How Wireless Monitoring Technology Optimizes Power Plant Operations
New advances in wireless monitoring technology can help improve utilities’ emergency preparedness by improving reliability, because as you know, the greater the reliability, the lower the expected outage frequency.
Unfortunately, in the power sector at least, most power plants are not monitored automatically or continuously enough to ensure maximum reliability. This is because this type of automation has historically required the deployment of wired instrumentation, which tends to be expensive and cumbersome to install, and therefore most utilities have instead chosen to rely on old-fashioned manual approaches.
Why Wireless Monitoring Technology Makes Sense
Regulations that have been issued over the last 30 years require that power plants regularly monitor certain elements of their operations. For example, natural gas plants are required to monitor flue gases, and doing so in an automated fashion has historically required the installation of a hard-wired continuous emissions monitoring system (CEMS) on each emissions stack.
Keeping with the flue gas example, most gas companies have chosen to monitor these emissions manually, which takes several hours each day, and is often delayed due to things like bad weather and other priorities. The result is wasted manhours, outdated logs, and incomplete information, the latter of which could actually trigger a calibration failure and subsequent outage.

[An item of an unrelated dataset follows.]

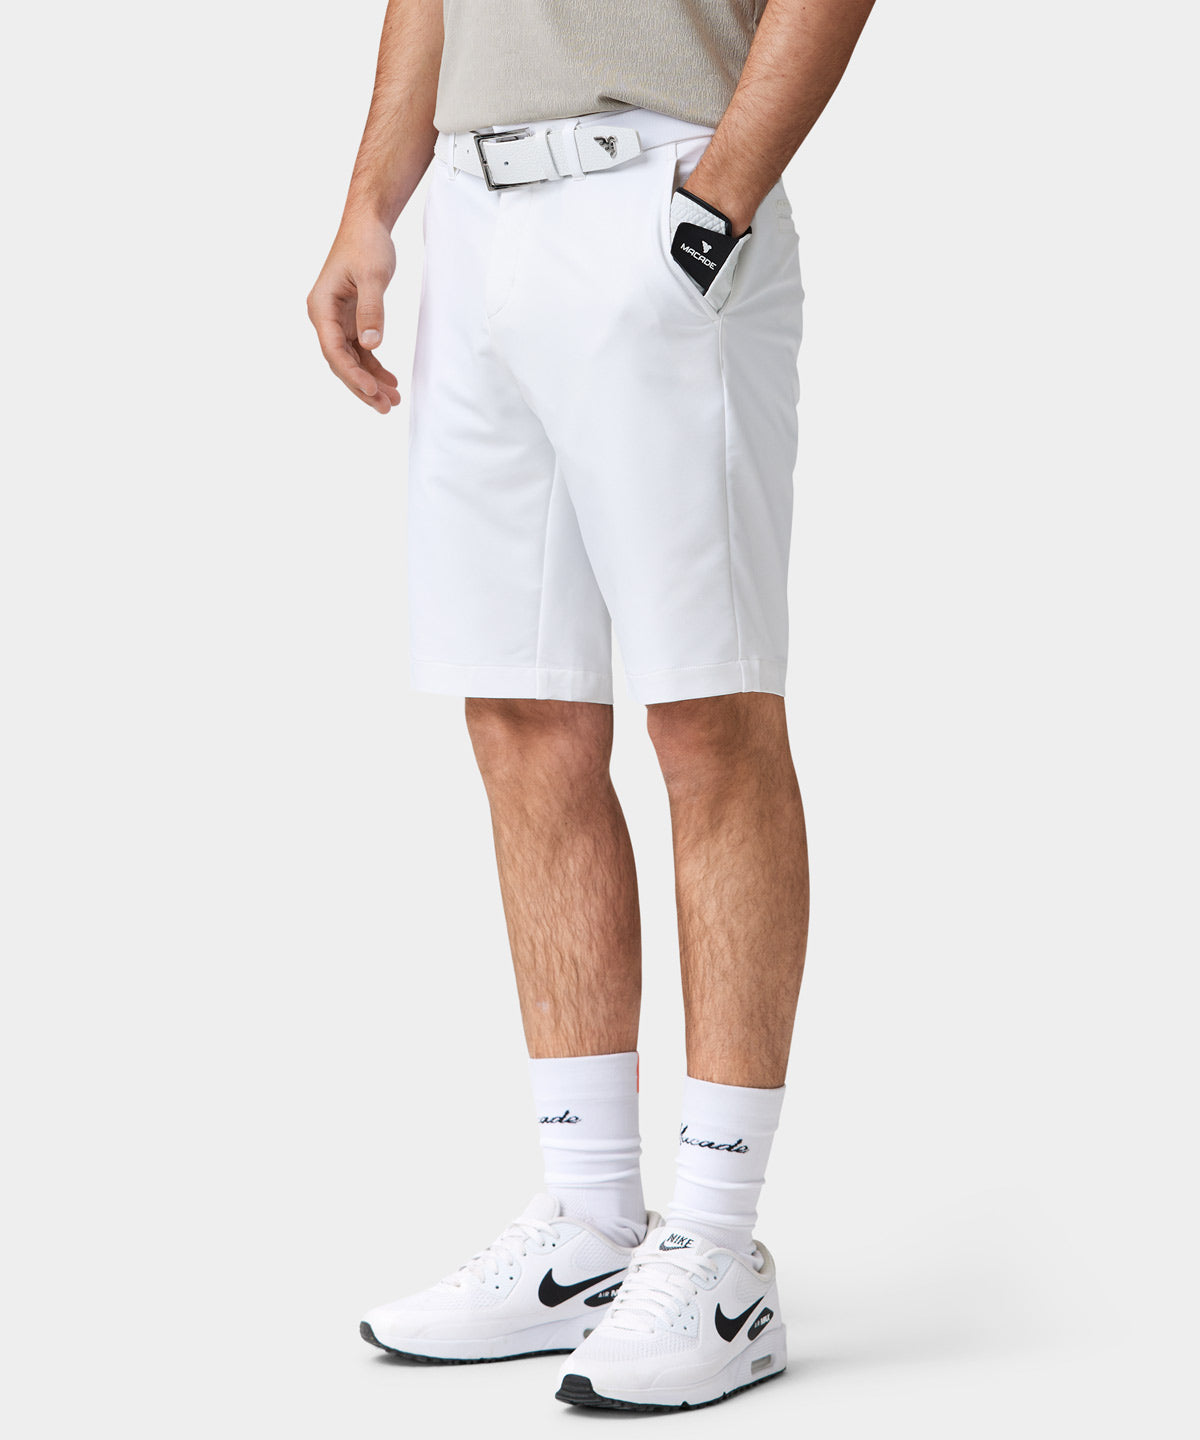 White Four-Way Stretch Shorts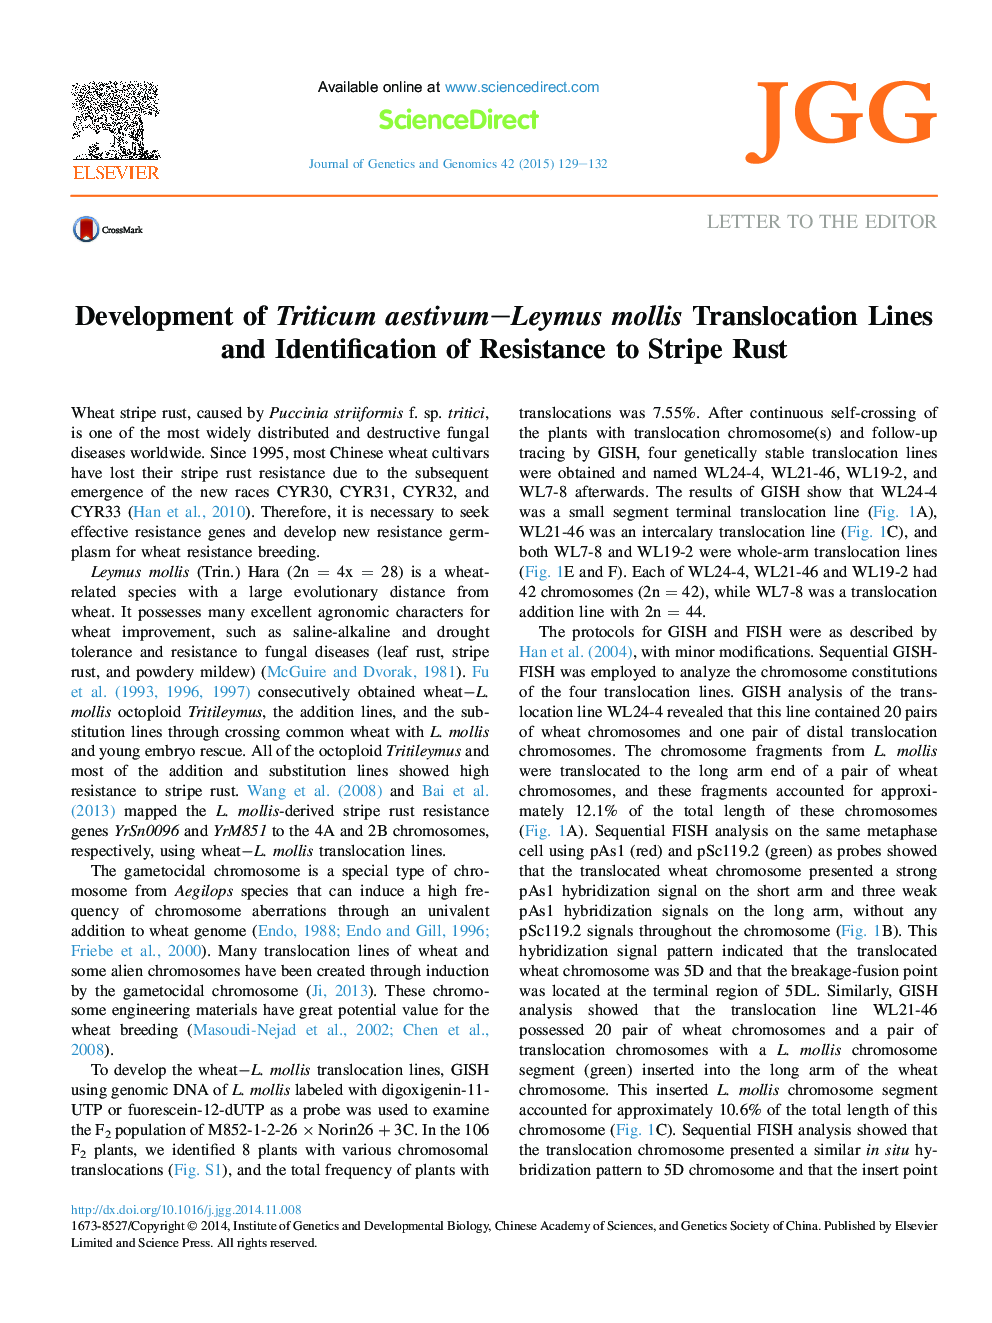 Development of Triticum aestivum-Leymus mollis Translocation Lines and Identification of Resistance to Stripe Rust

The traditional alternative to manual monitoring would be to hard-wire pressure gauges on each stack. However, adding the wiring and control system integration points to enable this type of solution is extremely expensive.
Wireless monitoring technology, on the other hand, generally costs 50% less than wired solutions, and can shave 75% off installation times. And this solution is exactly what Florida Power & Light deployed in its 3,800-MW gas plant in Loxahatchee. The company installed 36 wireless pressure gauges on the plant’s 9 stacks. Read this detailed case study to learn more about this FP&L initiative.
The real-time nature of the wireless monitoring technology means that FP&L can collect information continuously – even during emergency situations – which mitigates the risk of incurring a fine from the EPA for prolonged gaps in recordkeeping. It also boosts safety by reducing the time that workers are in the field. And from a cost perspective, FP&L is saving an estimated $44k in labor costs every year. The company has since expanded into wireless valve monitoring and other wireless solutions.
In the final analysis, better reliability equals reduced outages, and therefore broadening the deployment of wireless monitoring technology can only help utility emergency preparedness.